アリババも同様の立場を取っていましたが、両者には大きな差がありました。
アリババはその出自が王族であったが、カシムはそうでなかったのです。
カシムは王族に対する強烈なコンプレックスからアリババと袂を分かちました。
長くアリババと共に行動したカシムには、アリババの掲げる理想主義の理論的な正しさが理解出来ていました。
しかし、理論的に正しいことが即ち全ての者に受け入れられるわけではありません。
理想はそれを解するものにしか共有されない。カシムはその事実に気付いていたからこそ、現況において政治的に有効な行動を取ったのです。

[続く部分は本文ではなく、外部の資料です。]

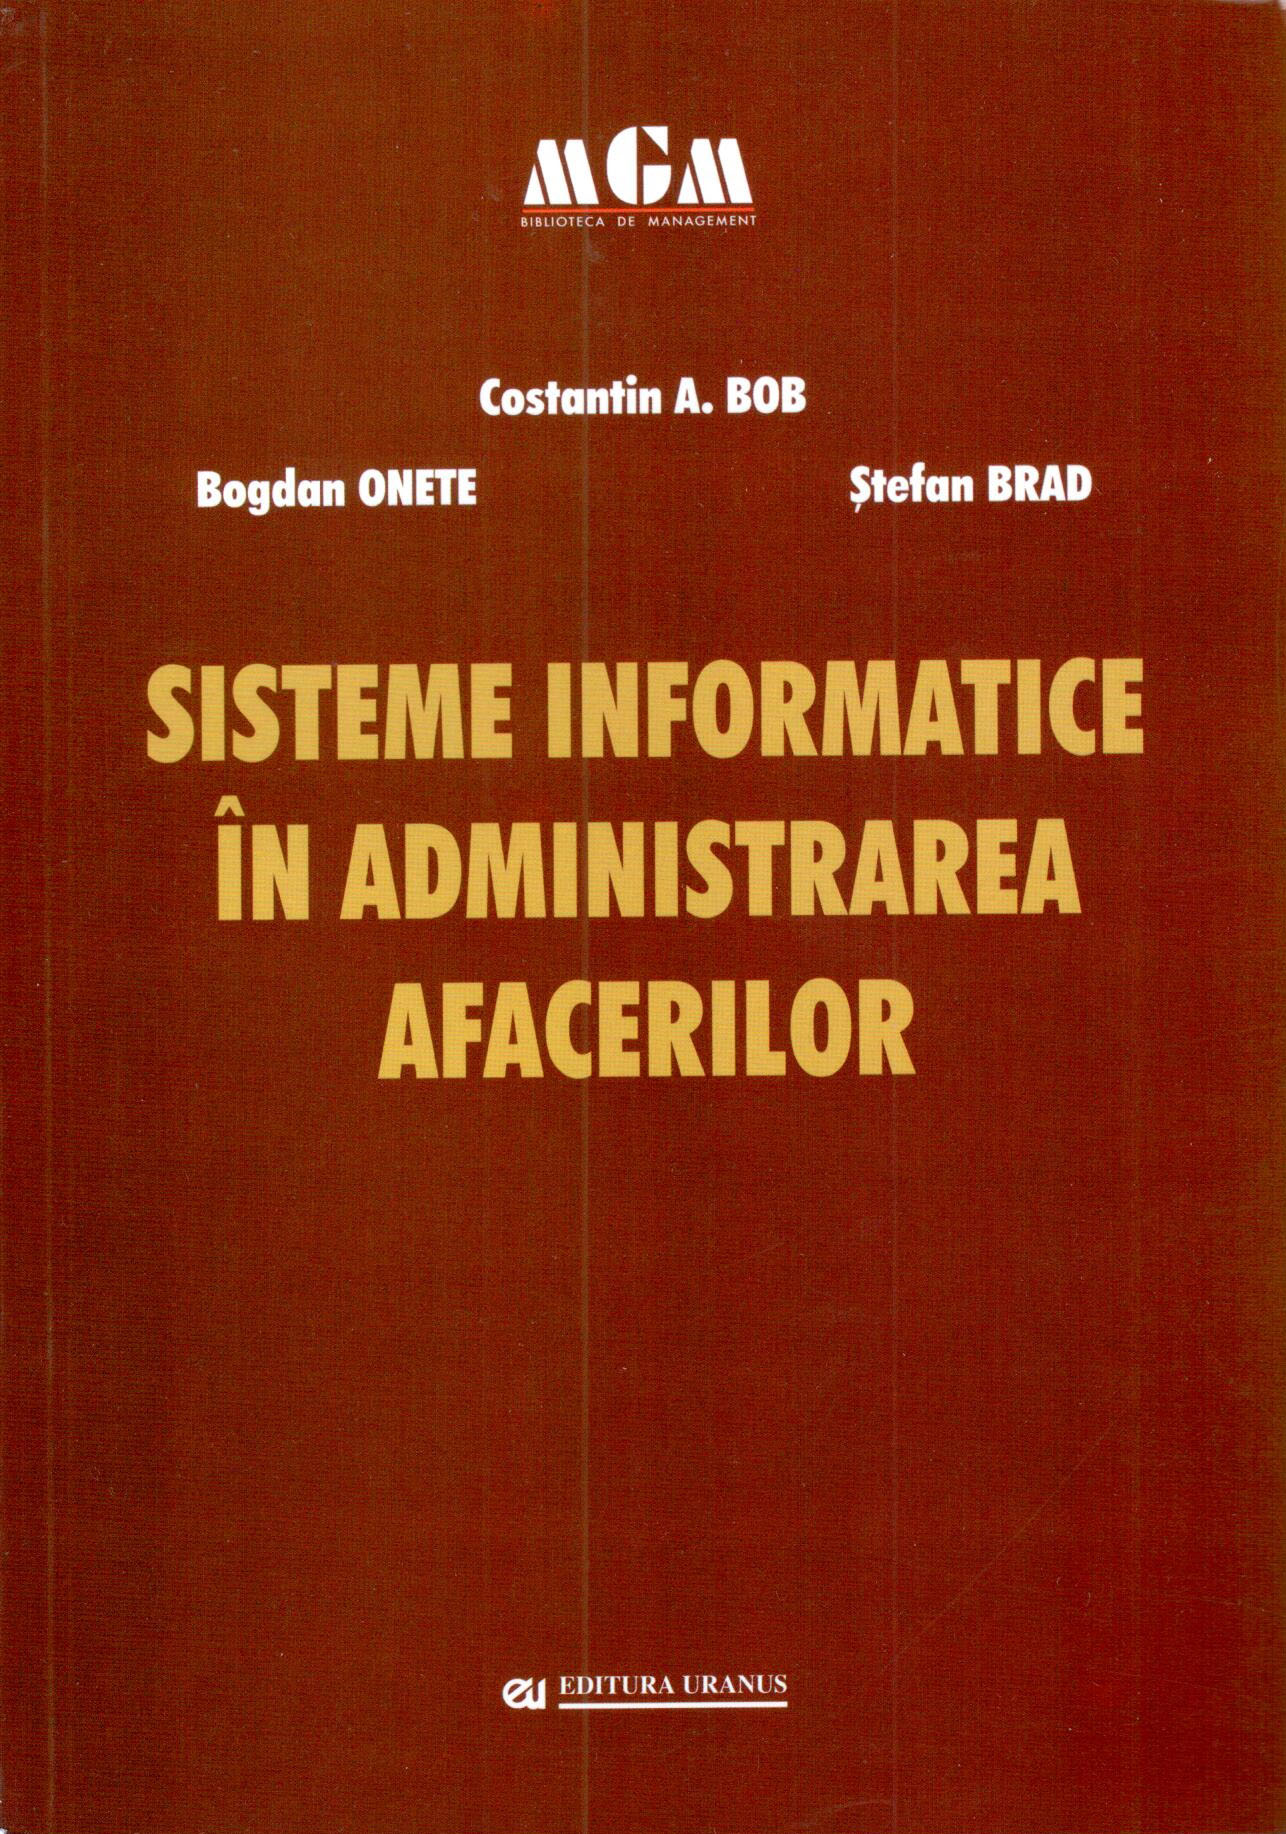 PDF Sisteme informatice in administrarea afacerilor | Bogdan Onete, Constantin A. Bob, Stefan Brad carturesti.ro Business si economie

アリババは、民主共和制の導入により、徹底的な民主主義の実現を追求して行こうとしています。長期的な方針としてそれは正しい。
しかし、王宮前に詰め掛けた国民の大部分が、現時点で抱いているのは、現在の王制への不満だけだったと言えるのです。
現代日本でも、選挙でいわゆるバラマキ的な政策を掲げることによって多くの得票が得られる傾向があります。そして、政治家の失政に対しては、国民のなかに強烈な不満が生じます。
その国民、言いかえると民衆の傾向を、アリババもカシムも利用しようとしました。
アリババは現体制を変えるという変革を主張することによりその場の国民の支持を得ました。
しかし、カシムはアリババがまだ、国民に対して何の恩恵も与えたわけではない、という事実を強調したのです。そして、更にアリババが王族である、という事実を盾に、王族を完全に排除してしまおう、と国民を扇動します。
双方の主張はどちらも誤りではありません。
しかし、結果として国民はカシムを支持する反応を返します。
この展開は、バルバッドの今、まさに現在の状況下においては、カシムの取った政治行動の方が、より最適化されたものであったということを示しています。
「コードギアス」のルルーシュのように、アリババが王として一旦、正面から国民の非難を受けて止めてから、ゆるやかに共和制を導入していけば、より確実に実行できたのでしょう。
しかし、アリババが王になることを受け入れなかったことにより、民衆の不満の爆発を生じさせてしまった今回の事態はまさに皮肉としか言いようがありません。
興味深いのは、より政治家として成熟しているはずのシンドバッドが、民衆の結論に対し、驚きの表情を見せているところです。
シンドバッドに関しては、思想的なバックボーンが未だ作中で描写されていないところですが、彼もまた理論的な正当性に特化した政治思想を重んじるタイプの政治家なのかもしれませんね。
あとはアラジンの動向が、状況にどんな影響をもたらすのか。
来週の「マギ」を興味深く待ちたいと思います。